Activity | Once you reach the line that holds "THE GALETTE COOKIEをお土産に" in the listing below, output it and every line after it through the line that holds "Punxsutawney Phil emerged", word for word.
--- Provided information ---
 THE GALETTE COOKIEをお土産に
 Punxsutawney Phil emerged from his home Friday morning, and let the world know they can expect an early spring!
---
--- Provided information ---
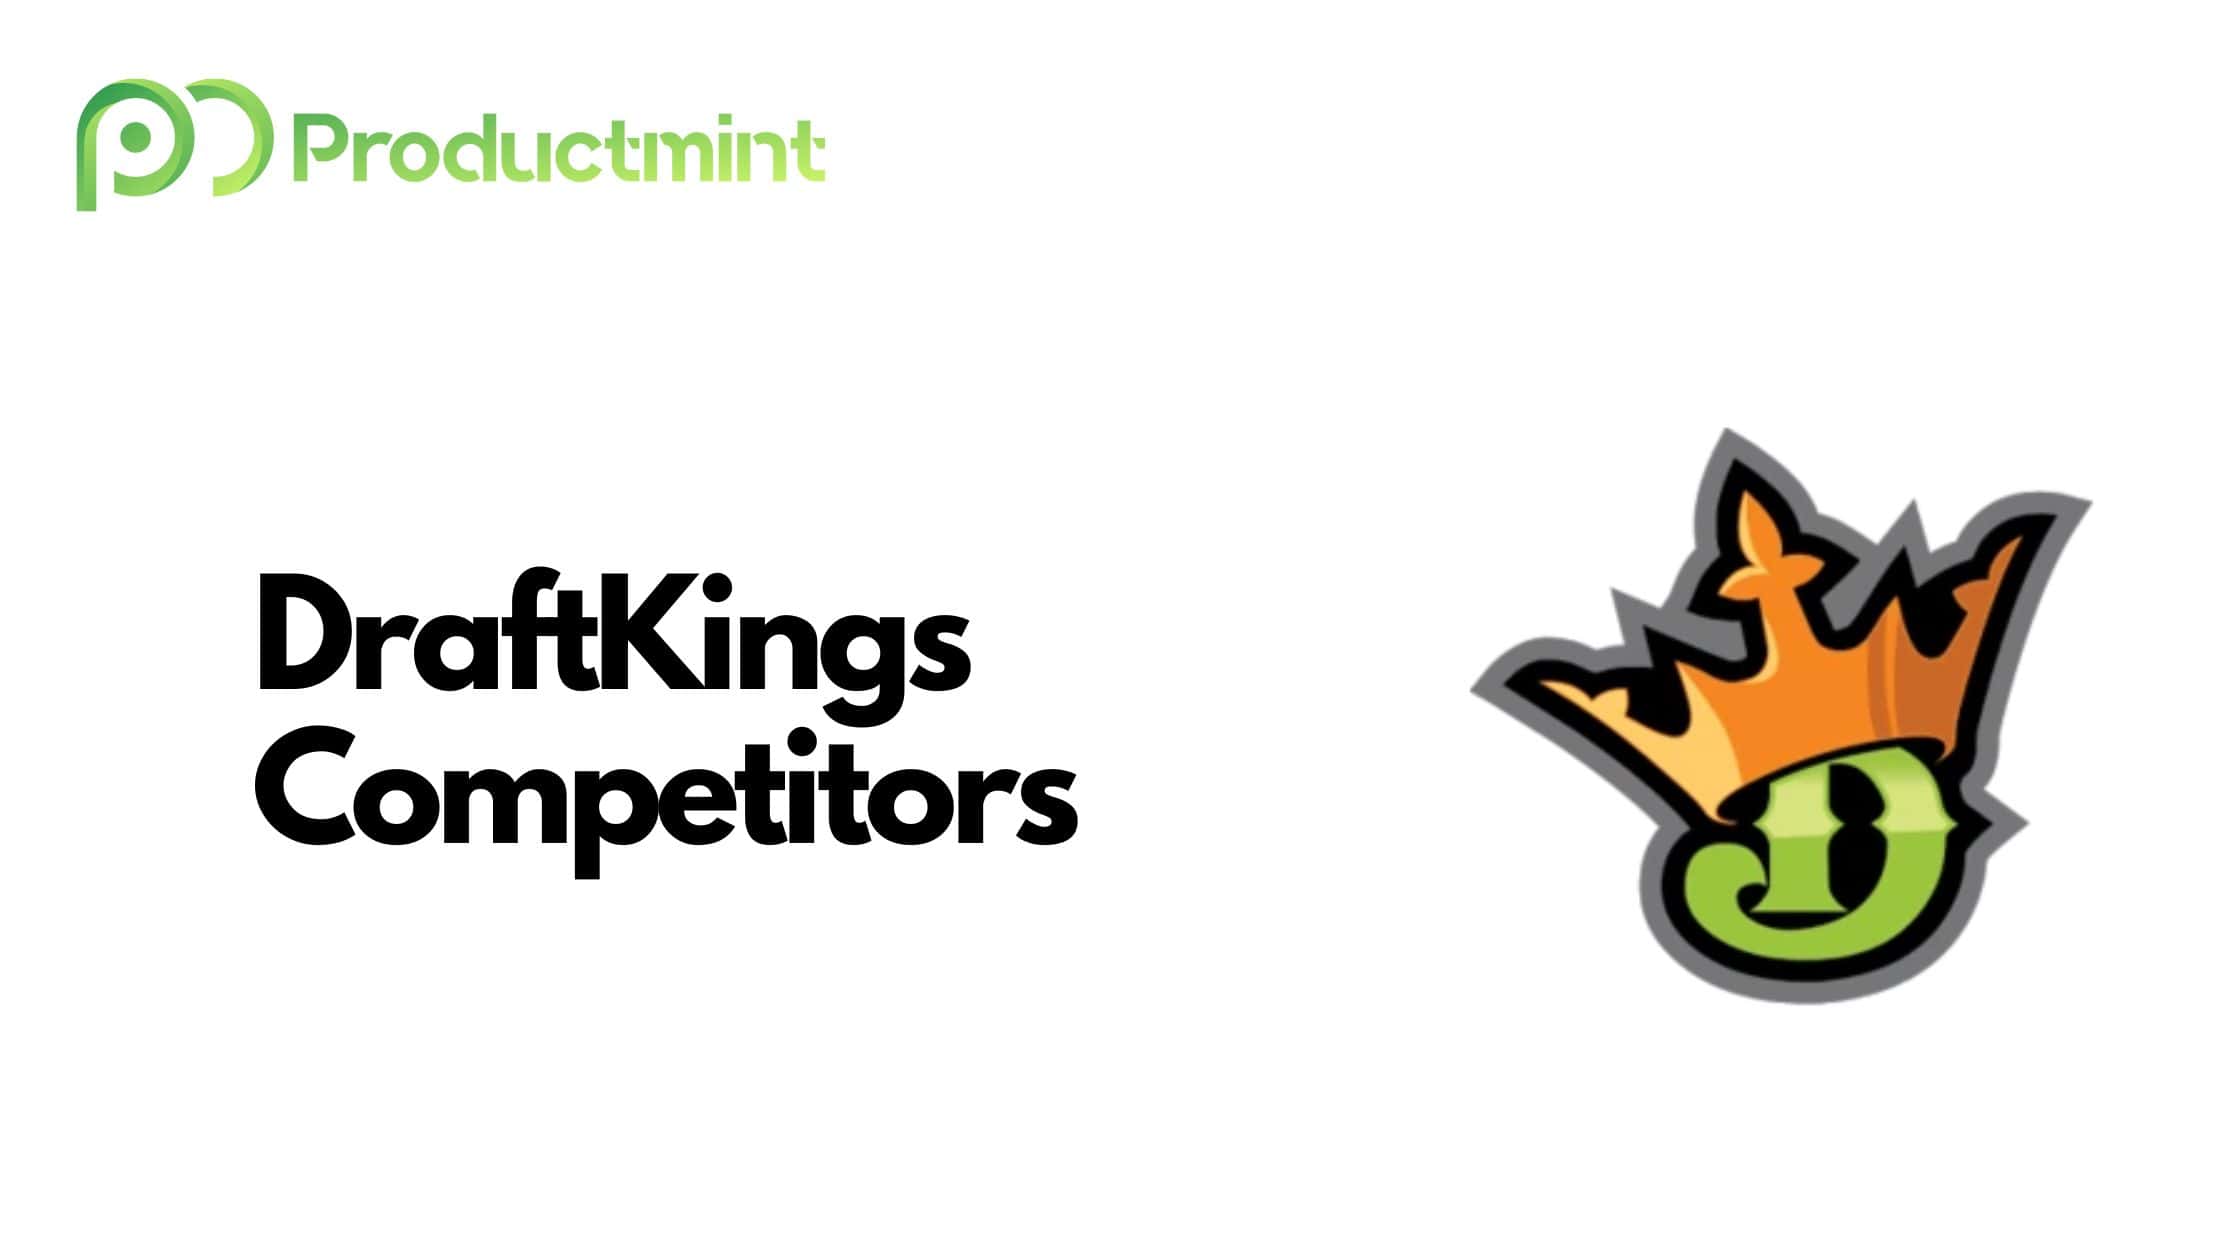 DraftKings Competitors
---
Finished exercise |
 THE GALETTE COOKIEをお土産に
 Punxsutawney Phil emerged from his home Friday morning, and let the world know they can expect an early spring!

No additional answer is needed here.